这天,他在议事完毕后,独自一人走在长廊上。夕阳将他的影子拉得很长,孤独得像一剑。他习惯性地走到那片种满梅林的庭院,无意间擡头,目光落在远处城门的方向。就在那时,一辆看起来极为普通的青布马车,正缓缓驶入京城。
这本是一幅再平常不过的景象,京城每日都有无数人进出。但霍玄珩的脚步,却在那一刻,蓦然停住。他不知道为什么,心中那片死寂了五年的深海,竟突然泛起了一丝微不可察的涟漪。他死死地盯着那辆渐行渐远的马车,眼神里,第一次有了除冰冷之外的东西——一种他自己都无法理解的,近乎本能的追寻。
「停下。」他对身后的暗卫,用极轻的声音说道。
那辆马车太普通了,普通到不该引起任何人的注意。但偏偏,它让这个心如死灰的男人,停下了脚步。五年了,他第一次,想要去看清楚,一辆陌生的马车里,坐着的究竟是谁。或许,这只是错觉。又或许,这是命运,在绝望之后,终于舍得展开的一丝,微弱的线头。
马车内的空气温暖而安详,夕阳的余晖透过车帘的缝隙,洒进几分柔和的金光。一个约莫四五岁大的小女娃,正趴在窗边,好奇地睁着一双酷似霍玄珩的清澈眼眸,望着外面熙熙攘攘的街景。她的小脸圆润可爱,穿着一身精致的粉色衣裙,显得格外活泼。

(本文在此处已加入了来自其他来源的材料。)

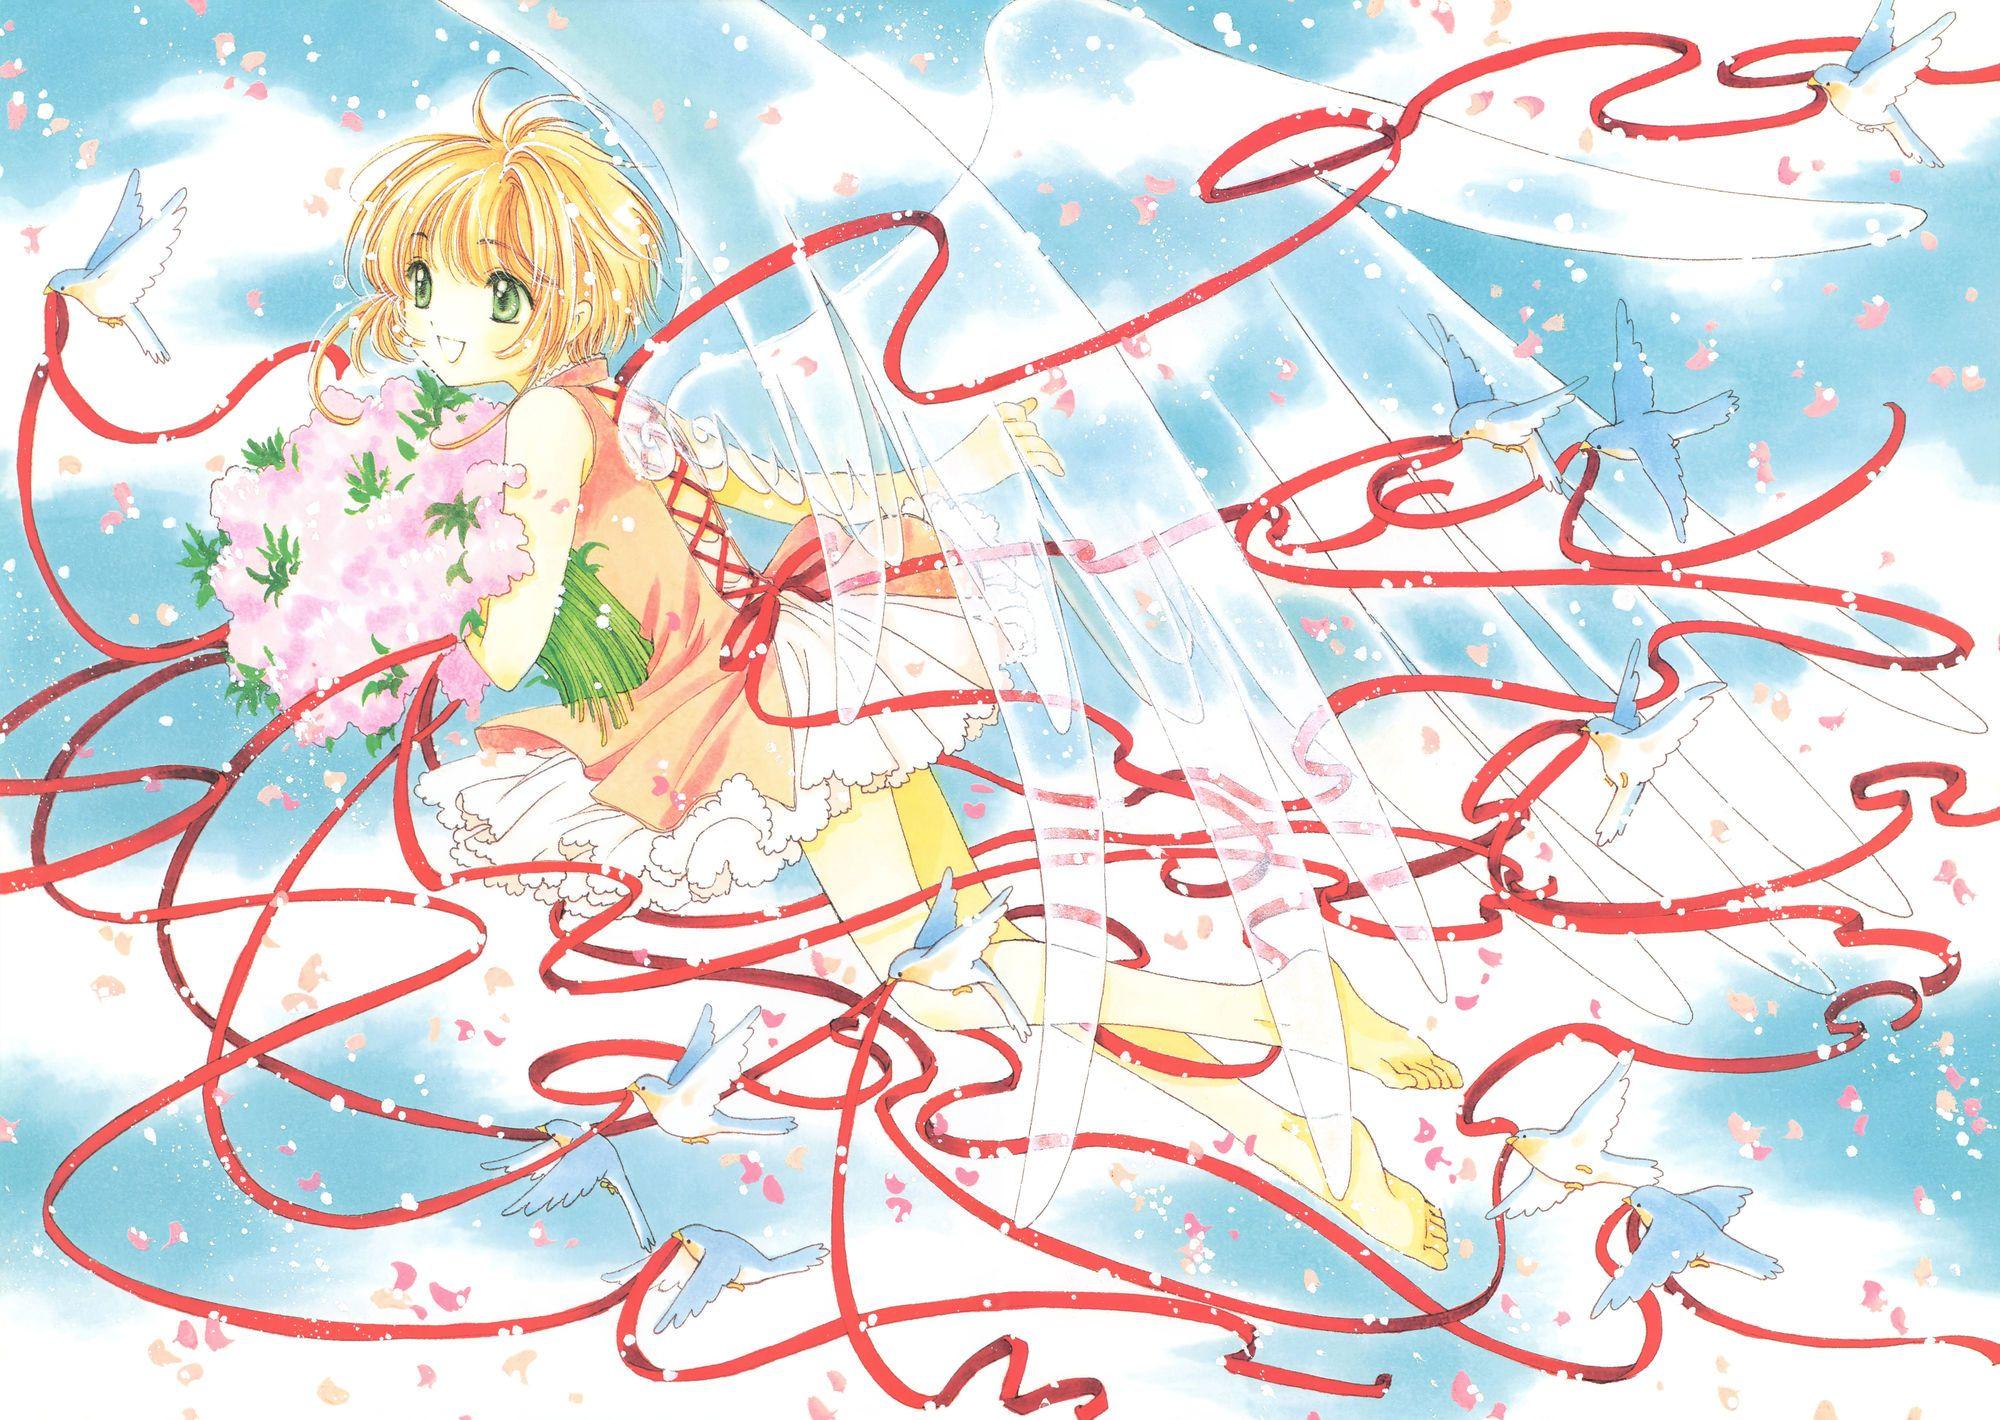 Sakura Kinomoto Manga 4k Cardcaptor Sakura Anime Wallpaper Anime

「娘亲!我们要去哪?」小女孩转过头,用清脆的声音问道,语气里满是孩童的天真与期待。
听到女儿的问话,苏映兰温柔地笑了。她的脸庞,在五年岁月的洗礼下,褪去了当年的青涩,多了几分成熟的韵味。但最引人注目的,是她那张脸。这并非她原本的容貌,而是那张《画皮》面具所化的模样,一张极为清秀平凡的脸,混入人群中,绝不会引起第二眼的注意。这张脸,是她的保护壳,也是她与过往告别的证明。
「我们去一个……」她柔声开口,话音却微微顿住了。她看着窗外那熟悉的京城轮廓,心中五味杂陈。回来,是她最不想,却又必须做出的决定。她想离霍玄珩远一点,越远越好,远到永远不再有交集。但为了父兄的沉冤,为了让孩子能堂堂正正地活在阳光下,她又必须回到这个伤心地。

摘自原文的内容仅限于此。